[Data records]
####################

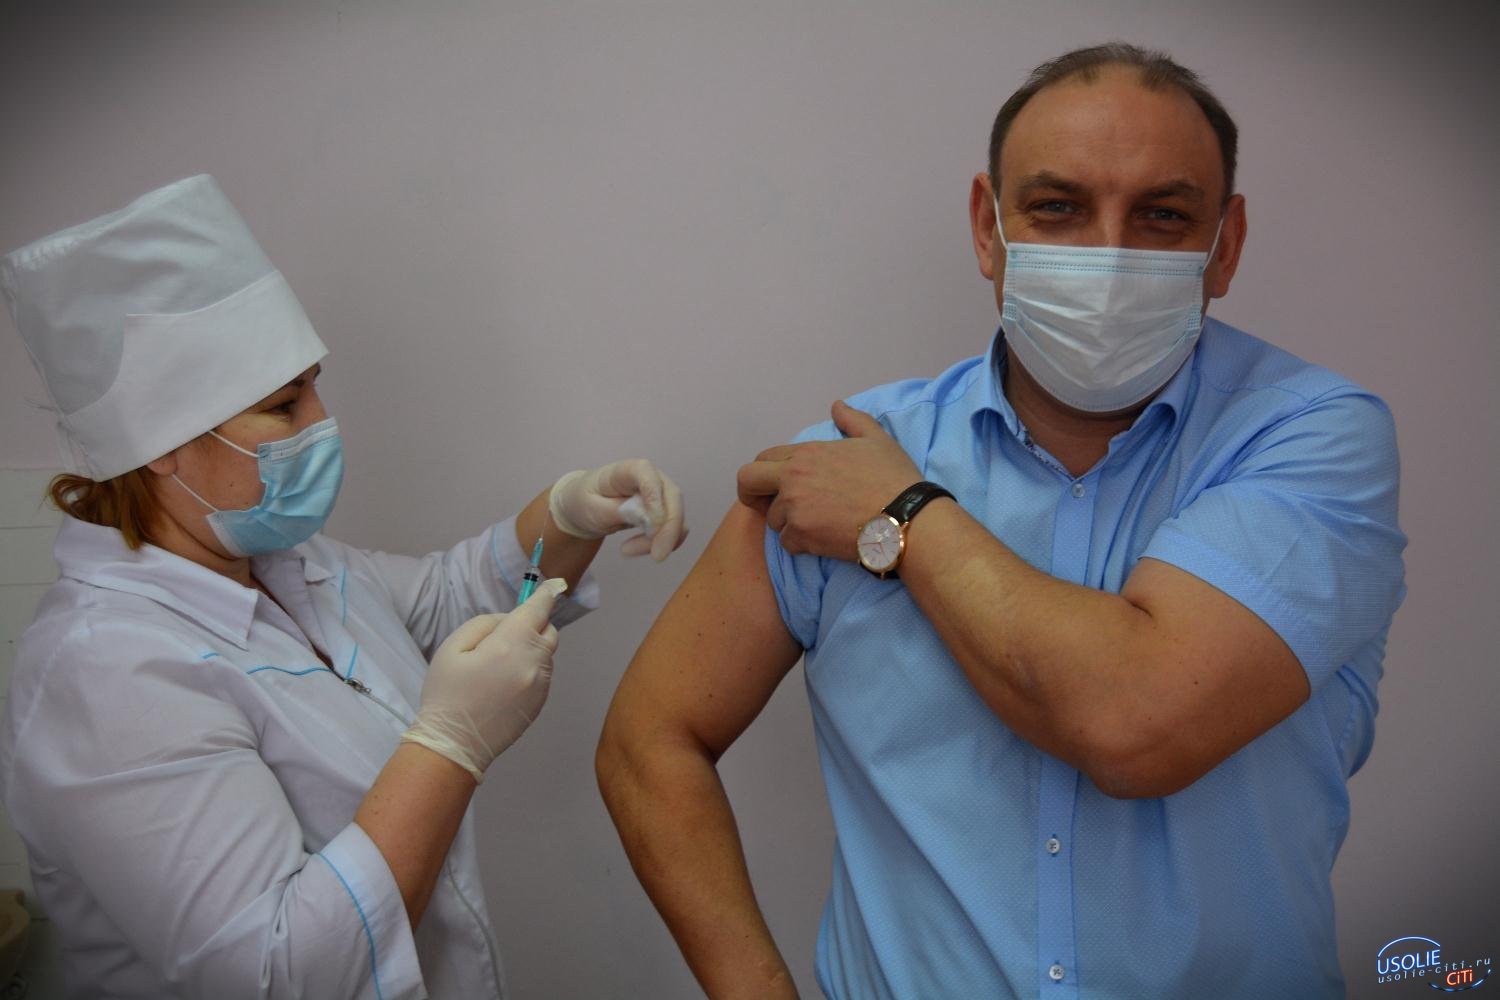 Мэр Усолья поставил третью прививку от коронавируса
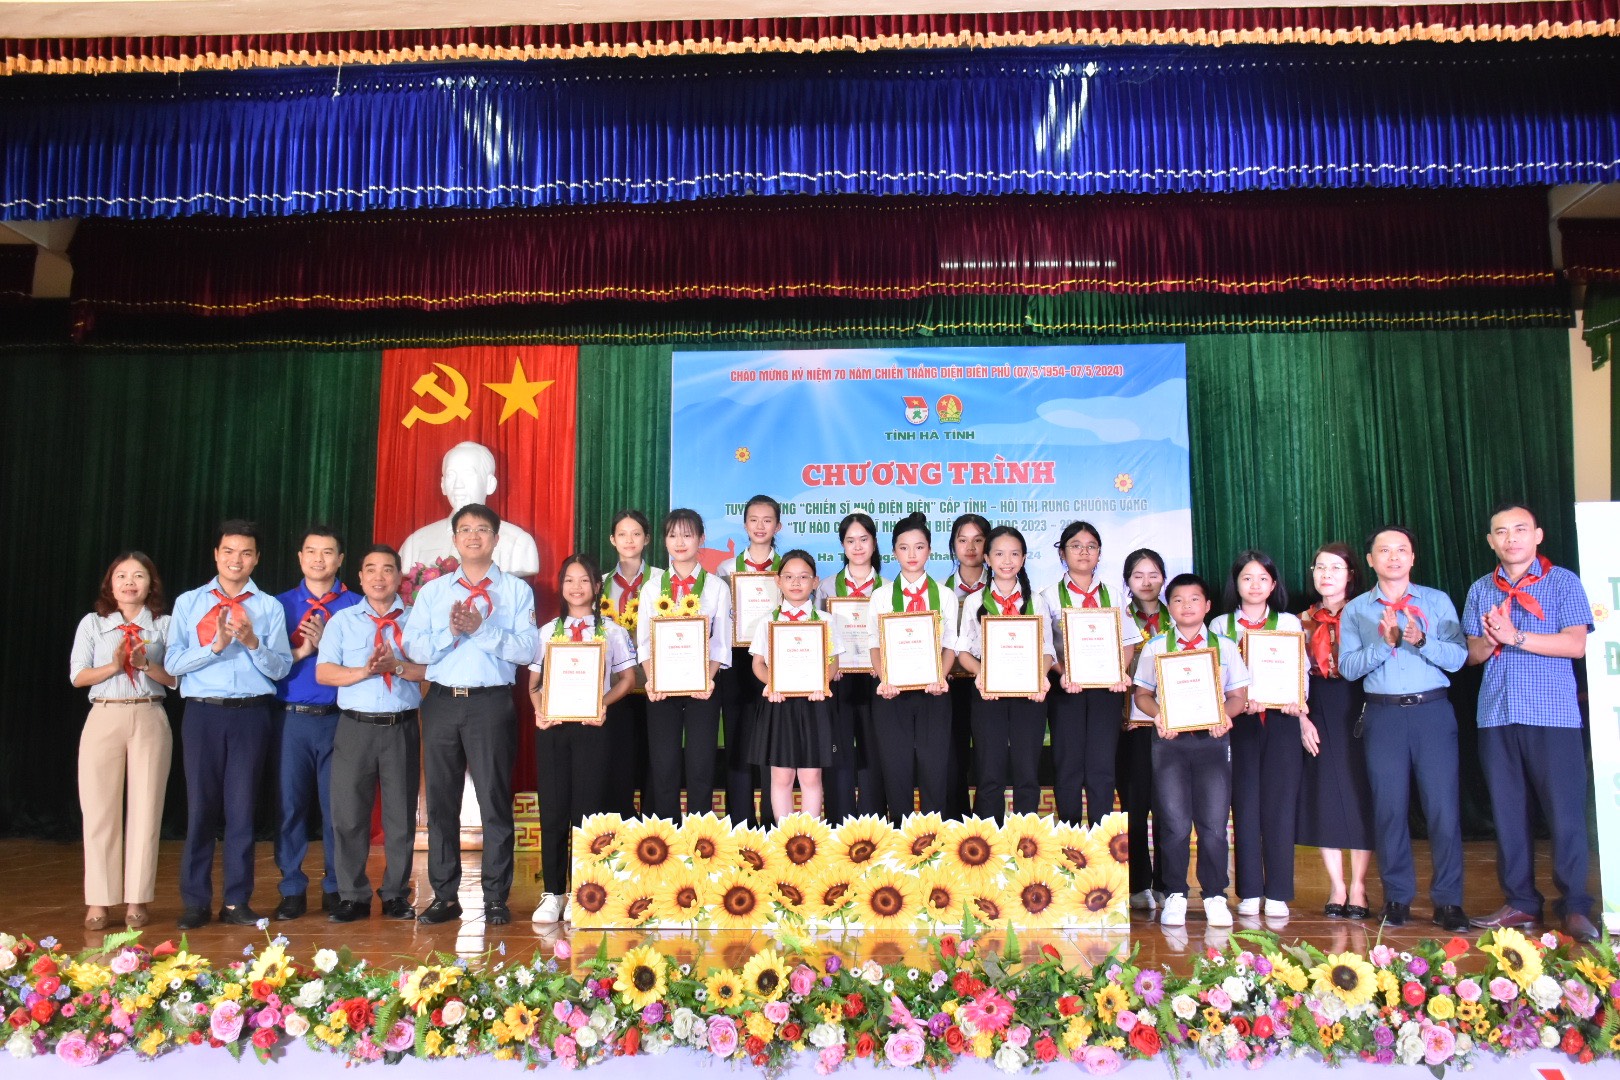 Tuyên dương 13 “Chiến sỹ nhỏ Điện Biên” là những đội viên xuất sắc trong toàn tỉnh
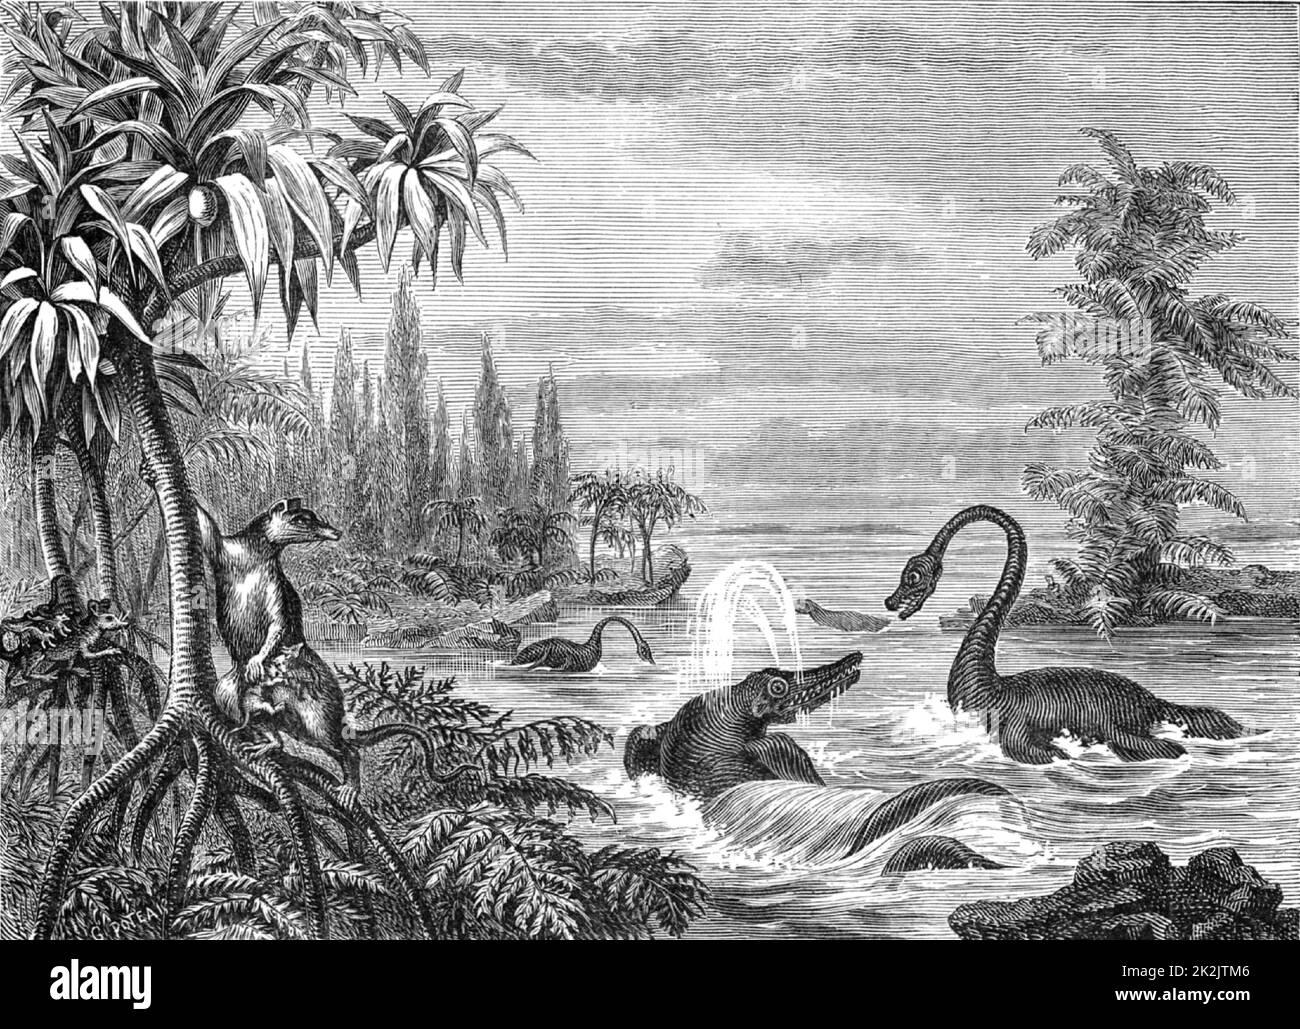 Szene in der unteren Oolithzeit mit Rekonstruktionen von Ichthyosaurus, Plesiosaurus und einem Beuteltier. Aus 'The Popular Encyclopedia' (London, 1888). Gravur. Stockfoto
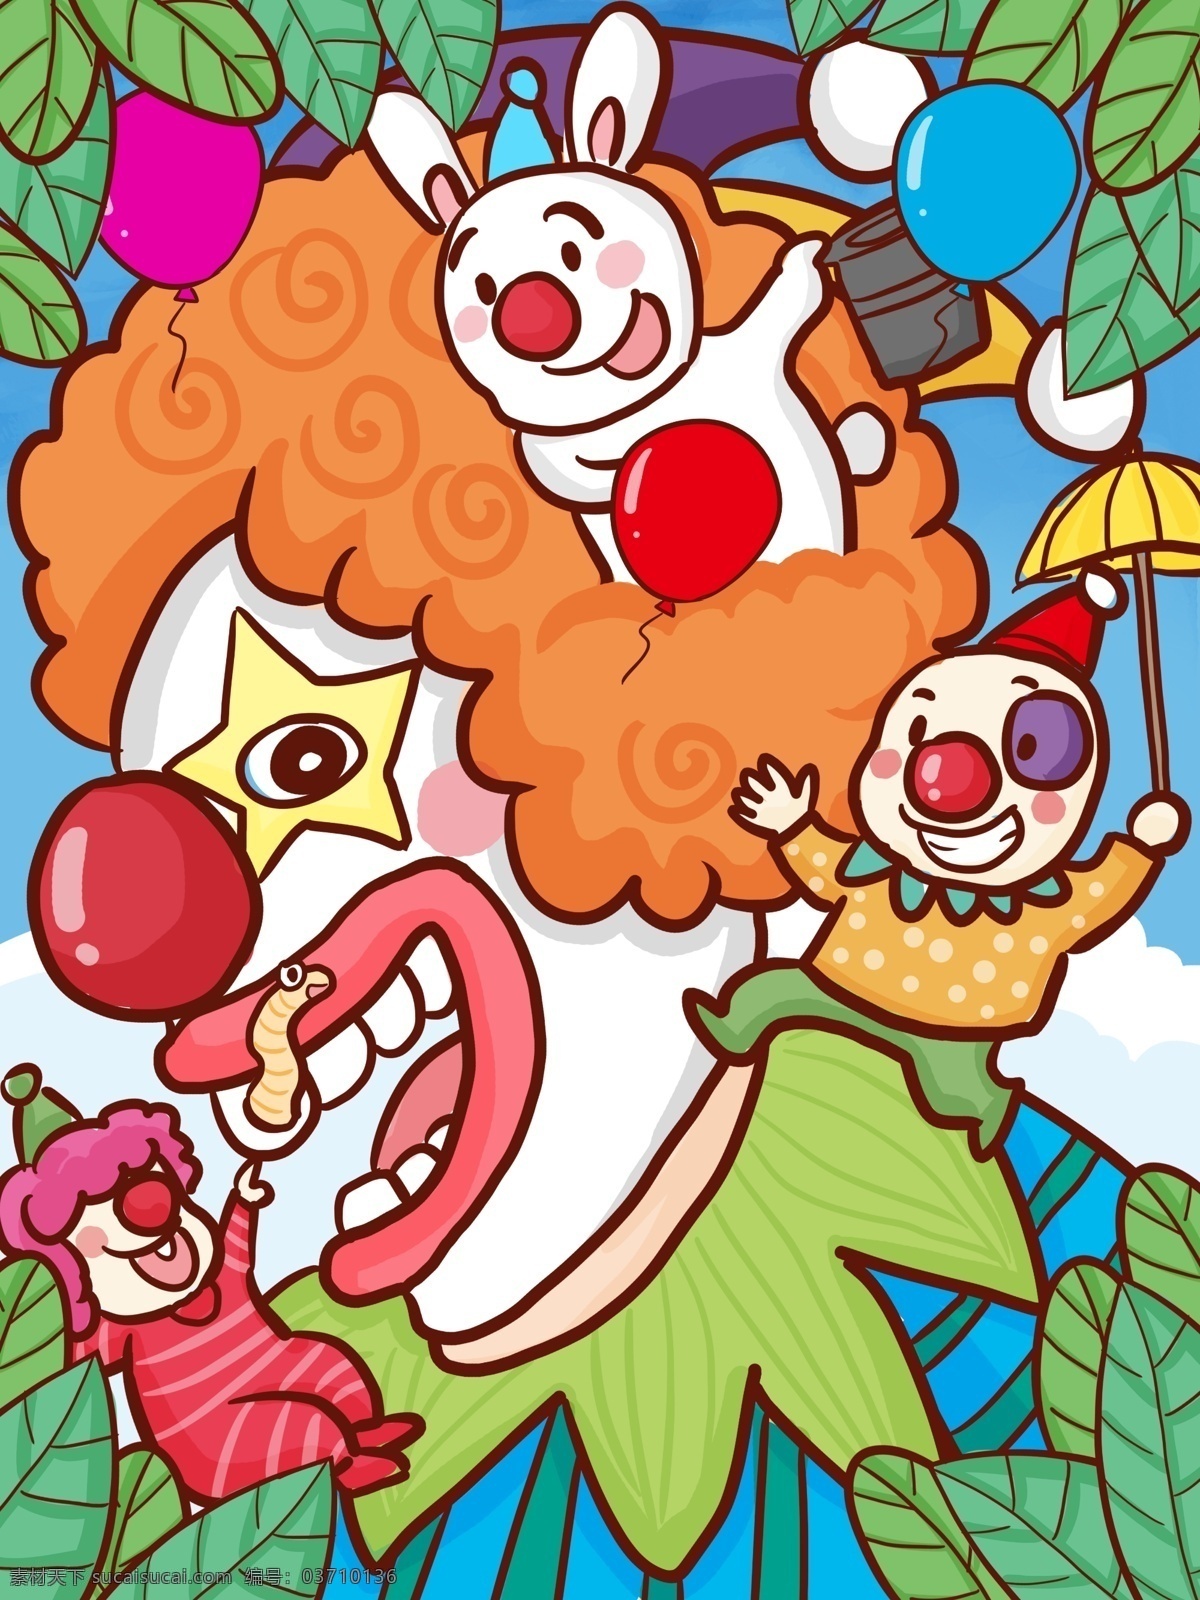 愚人节 小丑 朋友 人们 表演 逗乐 卡通 4月1日 愚人 开心 可爱 白兔
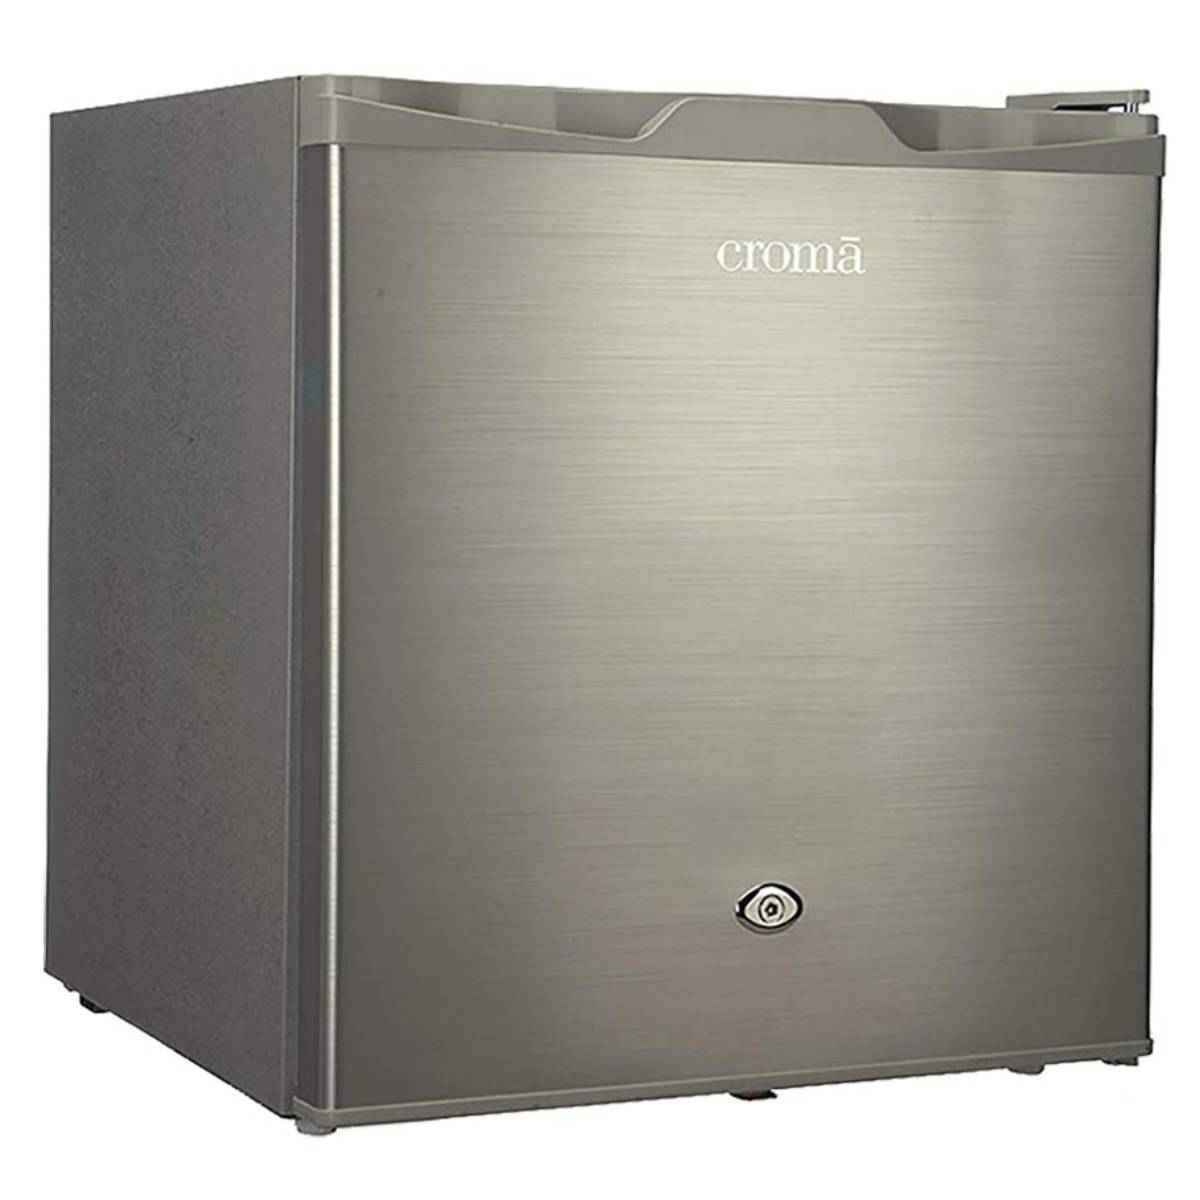 க்ரோமா 50 Liters Direct Cool Single Door Mini Refrigerator 
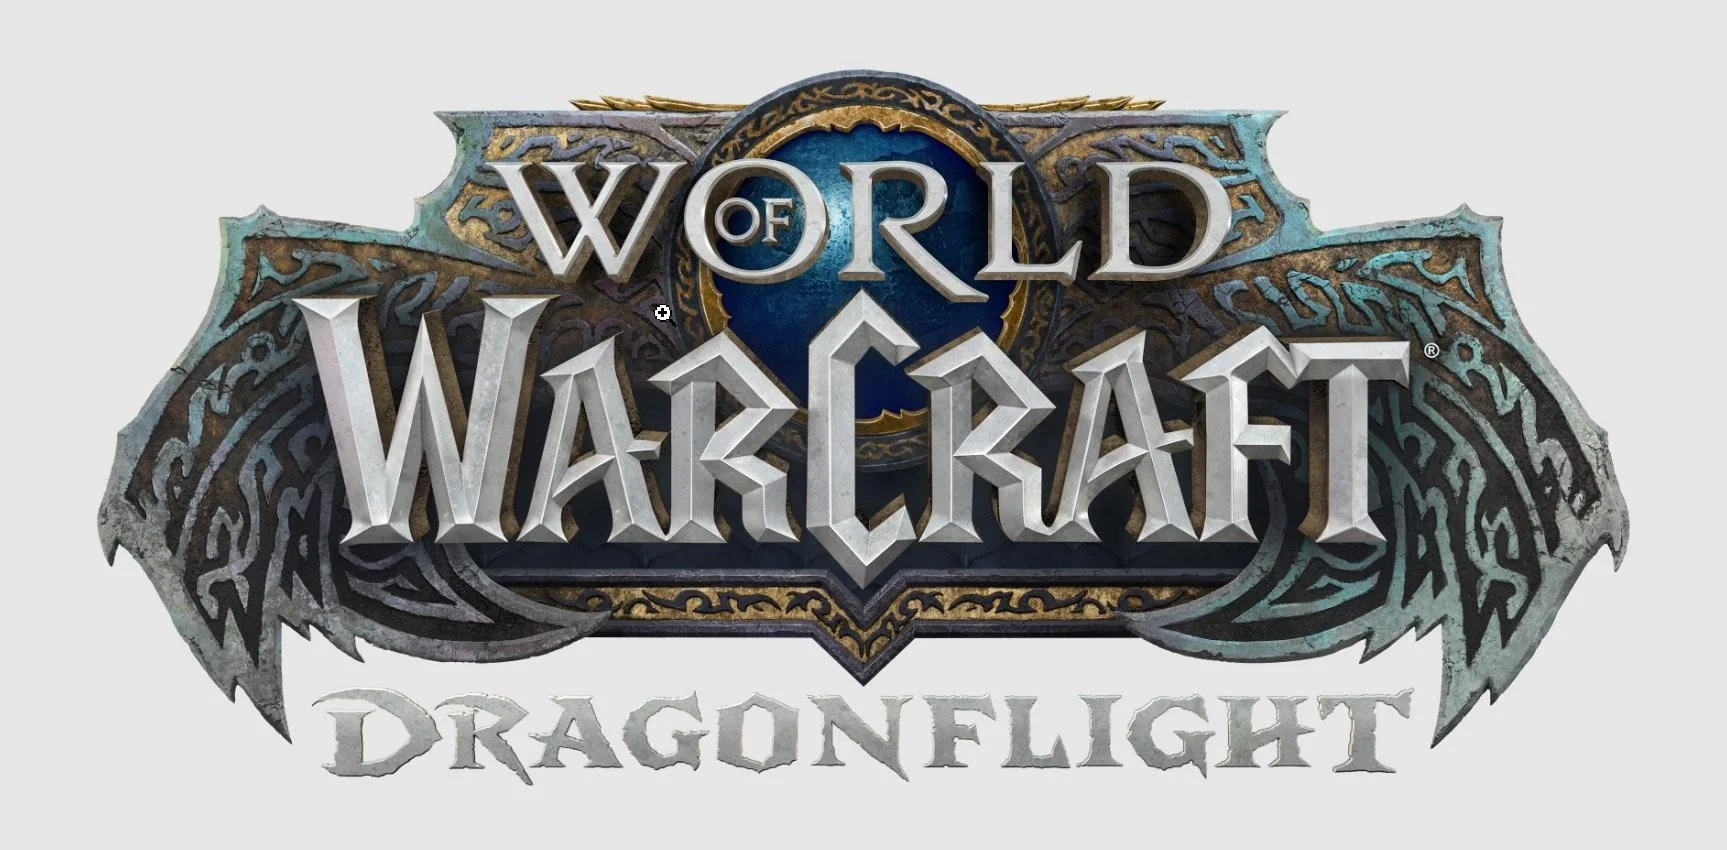 Утечка: лого и подробности дополнения Dragonflight для World of Warcraft - фото 1

####################

| Problem to work on |
Copy exactly, and only, the lines from the first entry through the line holding "க்ரோமா 50 Liters", both ends included, leaving out every picture.

| Task result |
 Мэр Усолья поставил третью прививку от коронавируса
 Tuyên dương 13 “Chiến sỹ nhỏ Điện Biên” là những đội viên xuất sắc trong toàn tỉnh
 Szene in der unteren Oolithzeit mit Rekonstruktionen von Ichthyosaurus, Plesiosaurus und einem Beuteltier. Aus 'The Popular Encyclopedia' (London, 1888). Gravur. Stockfoto
 愚人节 小丑 朋友 人们 表演 逗乐 卡通 4月1日 愚人 开心 可爱 白兔
 க்ரோமா 50 Liters Direct Cool Single Door Mini Refrigerator 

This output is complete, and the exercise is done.